Será por eso que los autobuses de larga distancia son jumbos de dos plantas que vuelan por la llanura con luces de neón. Los asientos regordetes se tumban como la primera clase de Lufthansa y las azafatas se afanan con platos de ravioles y canilla libre de champán. En los ómnibus se duerme con el abandono soporífero de las carreteras de llanura y girasol: nada que hacer más que rodar y leer y dormir y mirar cómo se pone el sol y cómo vuelve a salir con medialunas calientes y manta escocesa y otra película más.
Poco después de Semana Santa viajé de Posadas a Buenos Aires en uno de estos meteoros de doce ruedas. Me despertaron pasos en el pavimento y un murmullo lejano cuando el amanecer se colaba por el velcro de las cortinas.

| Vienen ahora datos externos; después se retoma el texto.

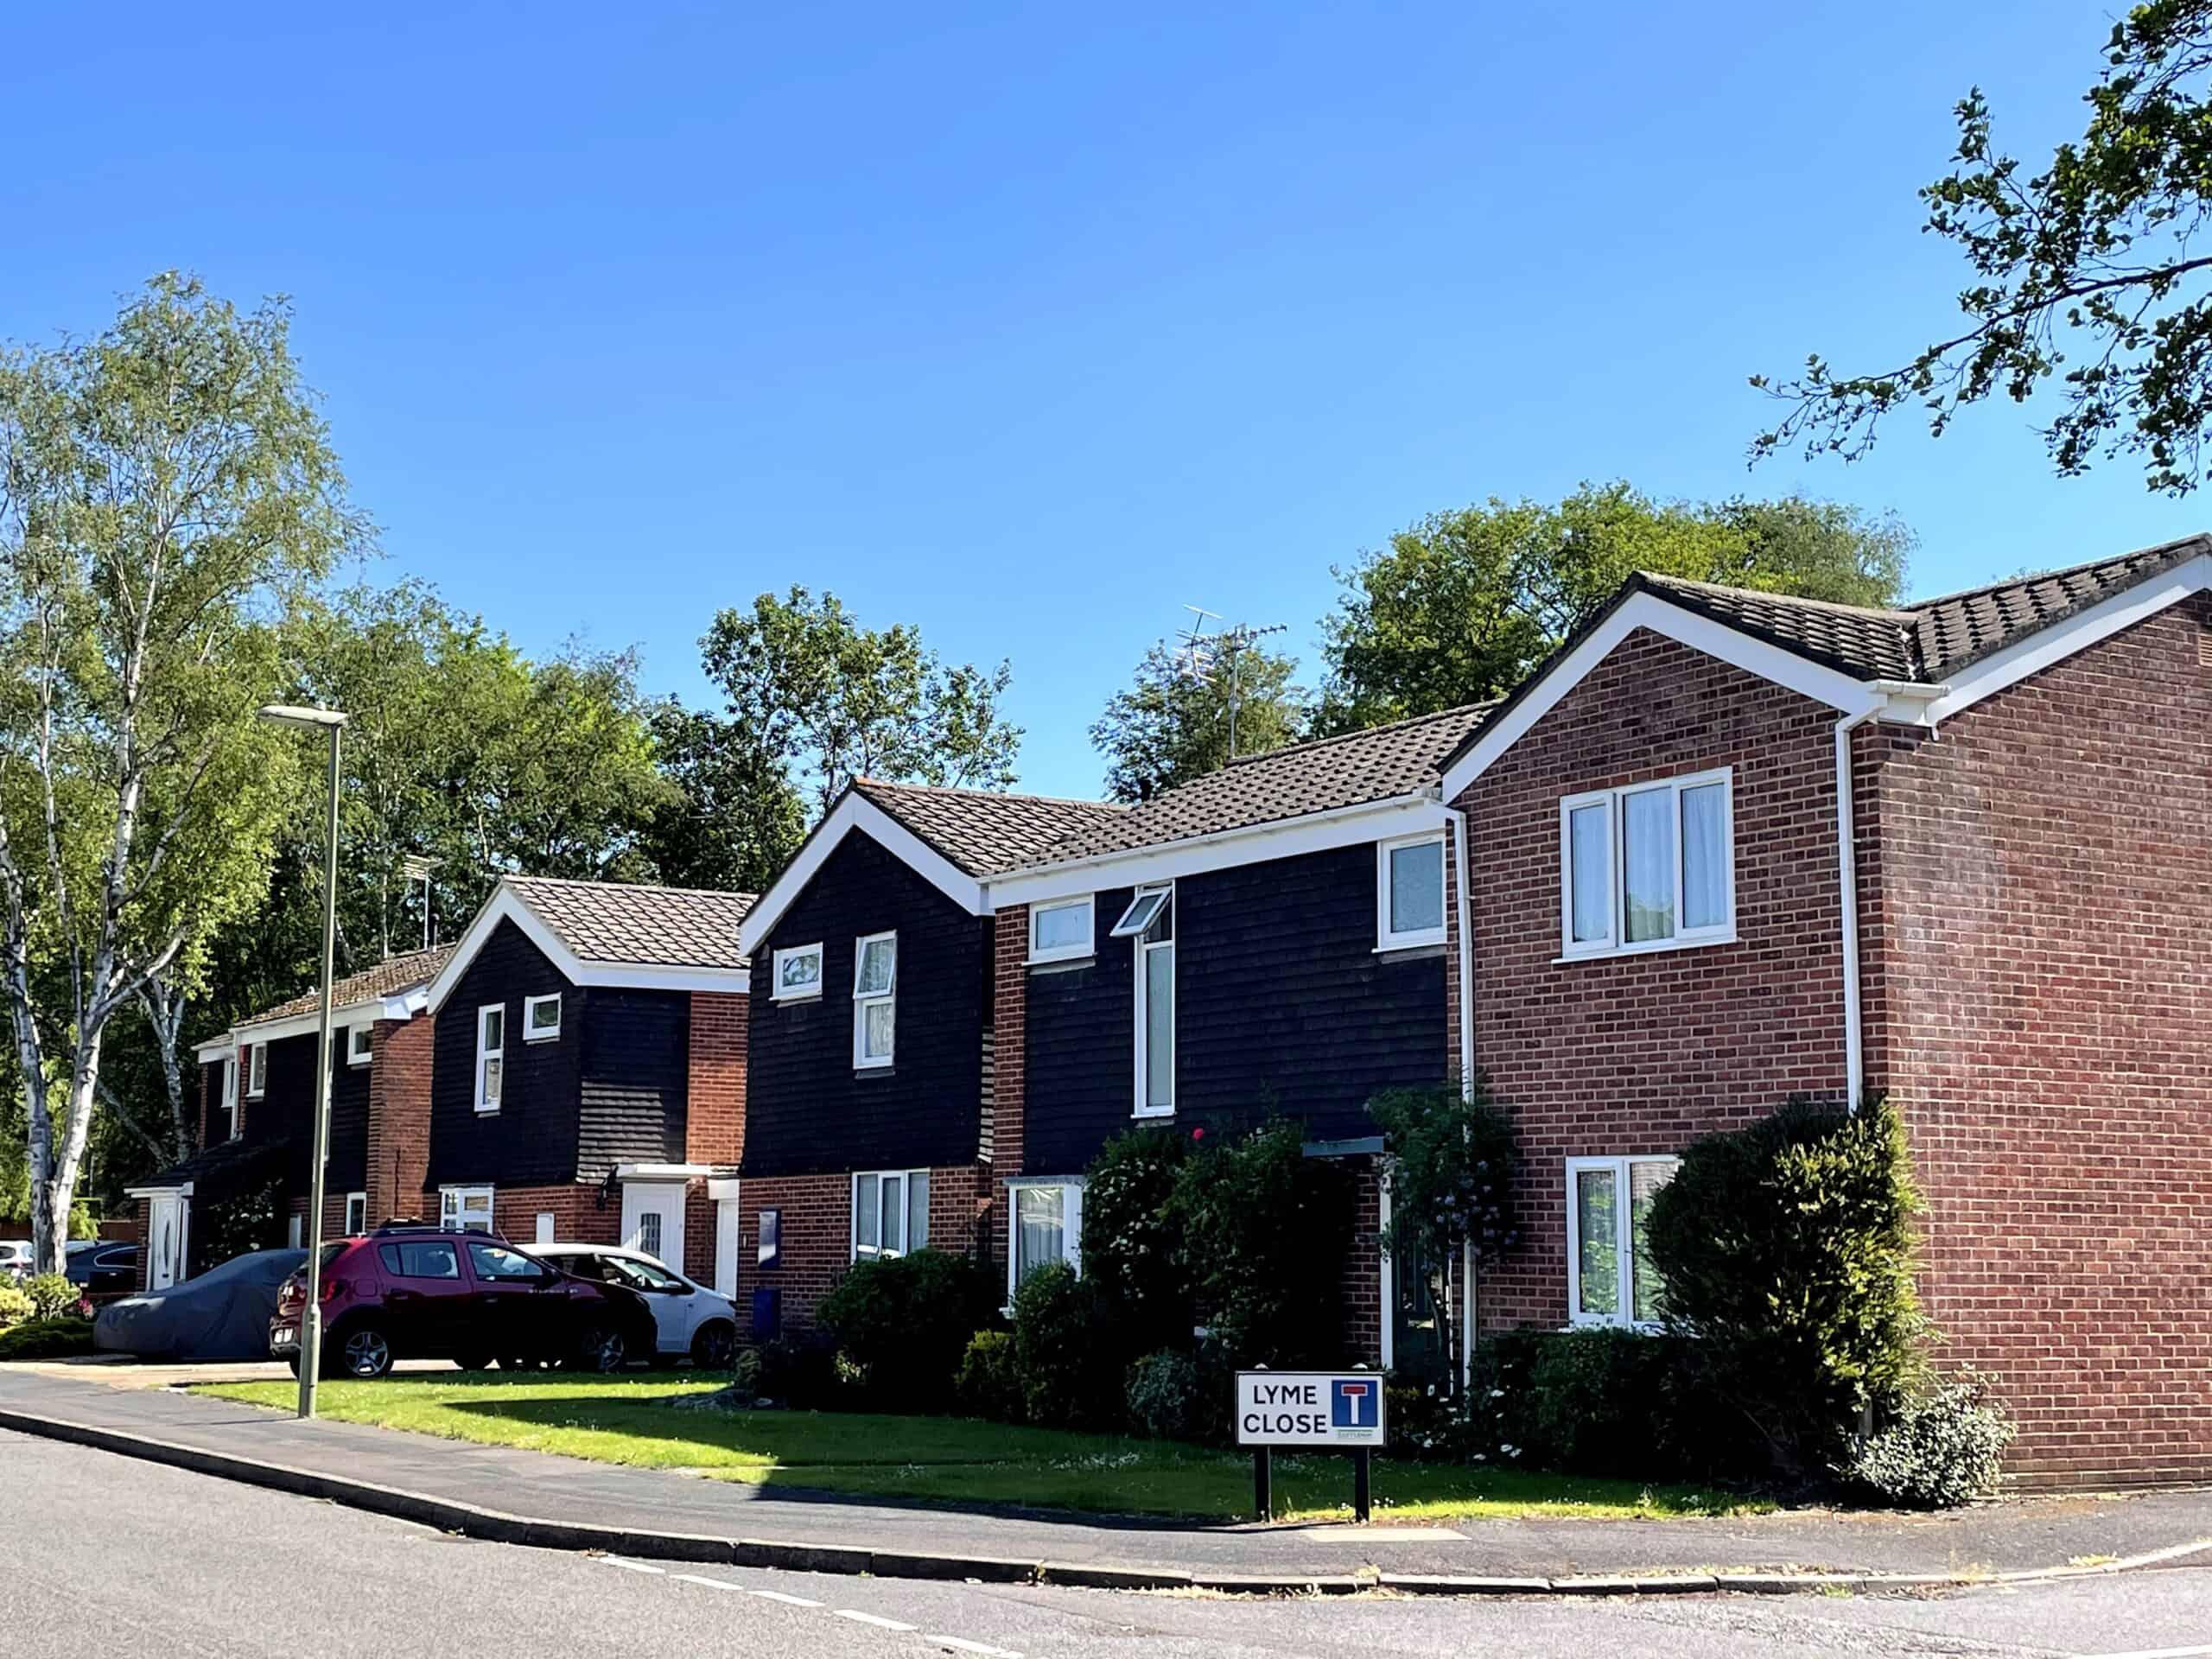 Property inspection report Southampton

Llevábamos horas trabados en un corte de ruta, cerca de Gualeguaychú, en la provincia de Entre Ríos: parados en medio de una vía láctea de autobuses alumbrados por el sol oriental. En la otra mano de la ruta, la cola de camiones descansaba a la sombra de los autobuses. Sus conductores tomaban mate o paseaban comentando las formidables bondades de sus cargueros de largo aliento. Caminé un rato entre las dos filas y por las banquinas y llegué hasta el piquete que represaba el tránsito con rastras de carpir. La encuesta de opinión pública me dio nadie enojado. Ya sumaban unos quinientos cortes en todo el país en contra de las abusivas retenciones a las exportaciones agrarias decretadas por el gobierno central para recaudar, recaudar y recaudar.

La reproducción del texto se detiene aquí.